Aussie AI

Hopper and Blackwell optimizations

  • Book Excerpt from "CUDA C++ Optimization: Coding Faster GPU Kernels"
  • by David Spuler

Hopper and Blackwell optimizations

New and Upcoming NVIDIA GPU Architectures

NVIDIA has an extensive pipeline of new GPU and CPU architectures, and also combinations of these two series into superchips and rack architectures for incredible compute levels. Recently, NVIDIA has moved to an annual cadence of new hardware upgrades, but there are interim releases rolling out at various times through every year.

What’s new?

First, let’s look at the latest systems that are already available for you to put on your credit card. As of writing in July 2025, we have these GPU and CPU chips already available:

  • Hopper H100 GPU (September 2022)
  • Grace CPU (September 2024)
  • Hopper H200 GPU (November 2024)
  • Grace Hopper superchip (2024)
  • Blackwell B100 GPU (November 2024)
  • Blackwell B200 GPU (2025)
  • DGX B200 rack (2025) with 8 B200 GPUs and 2 Intel Xeon CPUs
  • Grace Blackwell superchip (2025) with B200 GPU and Grace CPU
  • HGX B200 rack (2025) with 8 B200 GPUs
  • DGX Spark “Project Digits” desktop system (January 2025)
  • GB200 NVL72 rack (2025) with 72 B200 GPUs and 36 Grace CPUs

Note that there wasn’t a new Blackwell CPU version, so the Grace Blackwell superchip still uses the Grace CPU like its preceding Grace Hopper superchip.
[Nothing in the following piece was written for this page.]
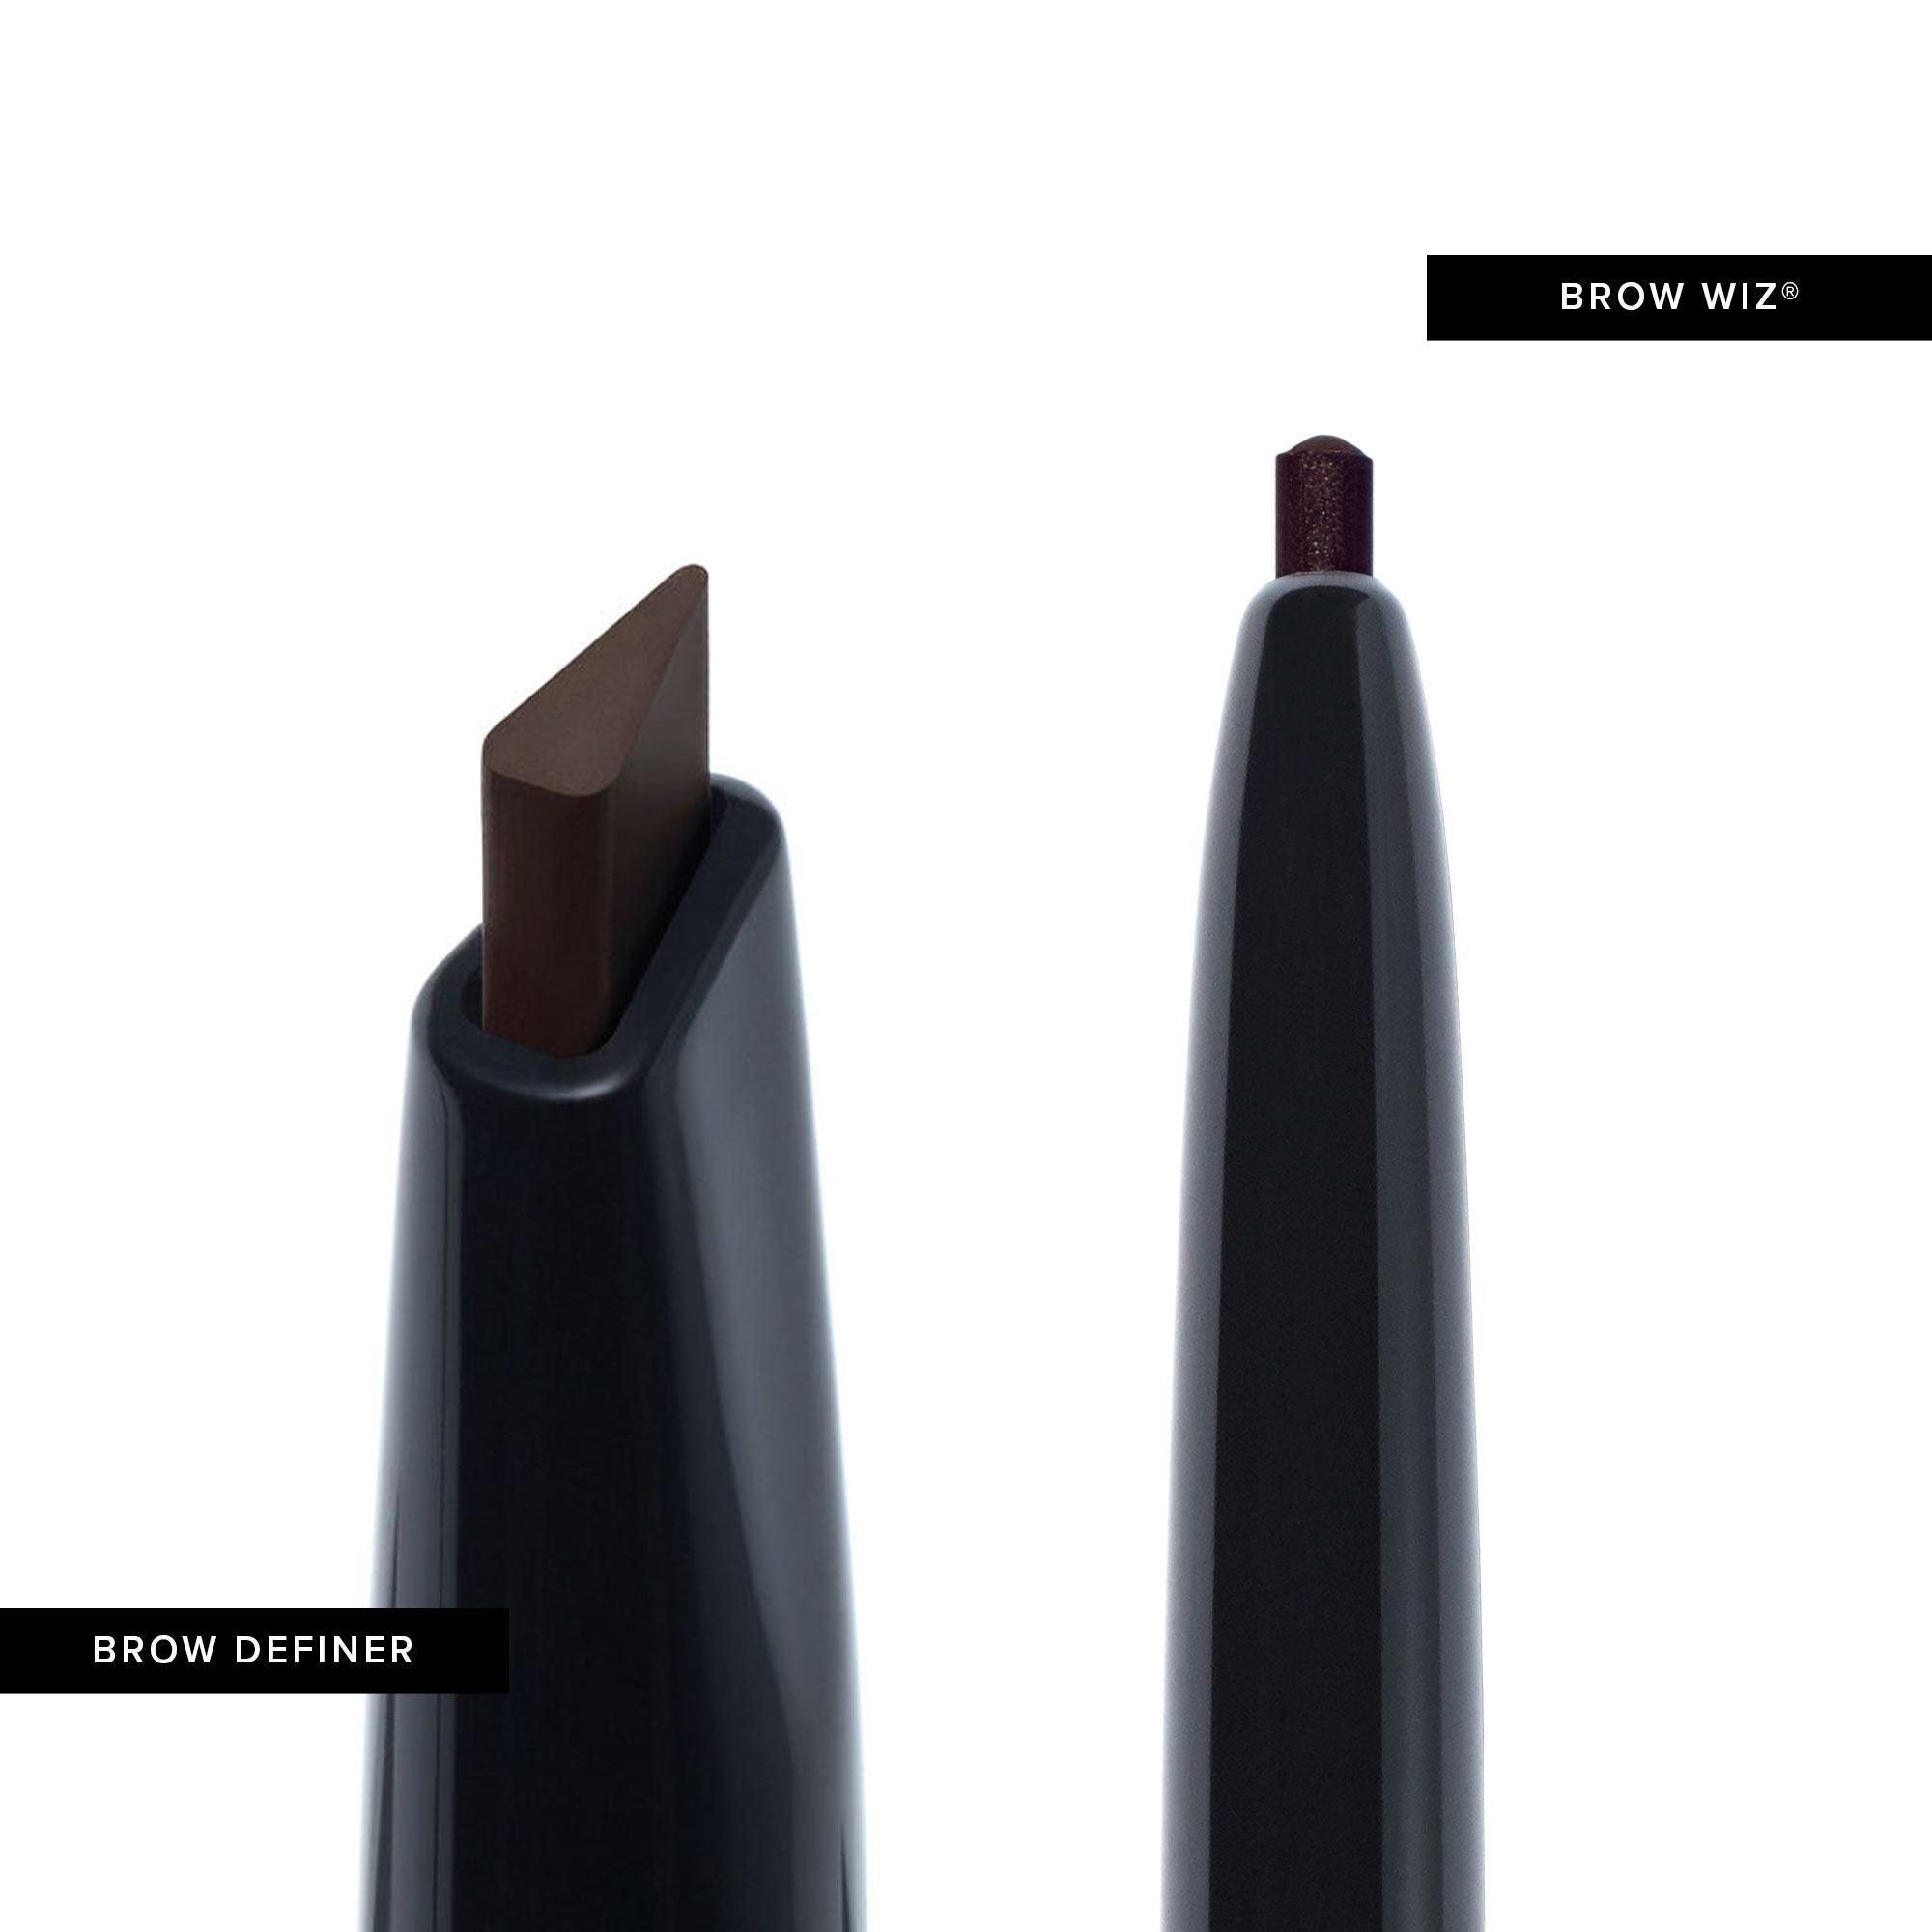 Natural & Polished Brow Kit - Dark Brown and Ebony

Looking further ahead, by using a crystal ball and also some NVIDIA press releases, here are the announced plans from NVIDIA for additional Blackwell releases:

  • Blackwell Ultra B300 GPU (late 2025)
  • DGX GB300 rack (late 2025) with 8 B300 GPUs and 2 Intel Xeon 6776P CPUs
  • GB300 NVL72 Grace Blackwell rack (late 2025) with 72 B300 GPUs and 36 Grace CPUs

Hopper GPUs

The Hopper architecture series launched in September, 2022, with the release of the "H100 Tensor Core GPU." It was shortly followed by the H200 GPU and a new line of CPUs called the “Grace CPU” (based on the ARM CPU architecture).

New features of the Hopper architecture of GPUs allowed major advances in workloads for AI and scientific computing. Some of the main features included:

  • Massive throughput of over 1,000 TFLOPS in FP8 compute.
  • Memory of 80GB using HBM2e (PCIe) or HBM3.
  • HBM3e memory at up to 3.35 TB/seconds bandwidth.
  • NVLink 4th-generation interconnect support at 900 GB/seconds.
  • Manufacturing size of 5nm process

Lower-level specs about the compute capabilities:

  • CUDA Cores: 14,592
  • Tensor Cores: 456
  • Streaming Multiprocessors: 114
  • L1 cache: 256 KB (per SM)
  • L2 cache: 50MB

The Hopper H200 GPU debuted in November, 2024, with more specs:

  • Memory: 141 GB of HBM3e RAM
  • Memory bandwidth: 4.8 TB/second
  • Superchip: GH200 superchip with Grace CPU

Rack system configurations included:

  • DGX H100 rack: 8 H100s, NVLink 4.0, NVSwitch.
  • DGX SuperPODs (extending DGX H100 racks).
  • HGX H100 rack: 4/8 H100 GPUs, SXM5 or PCIe, NVLink, NVSwitch.
  • HGX H200 rack: adds 141 GB RAM per GPU and 4.8 TB/second bandwidth.
  • HGX H200 PODs: further extending the racks.
  • GH200 Superchip rack: H100 GPUs and Grace CPUs, and NVLink-C2C at 900 GB/second.
  • GH200 NVL rack systems: powered by the GH200 superchip.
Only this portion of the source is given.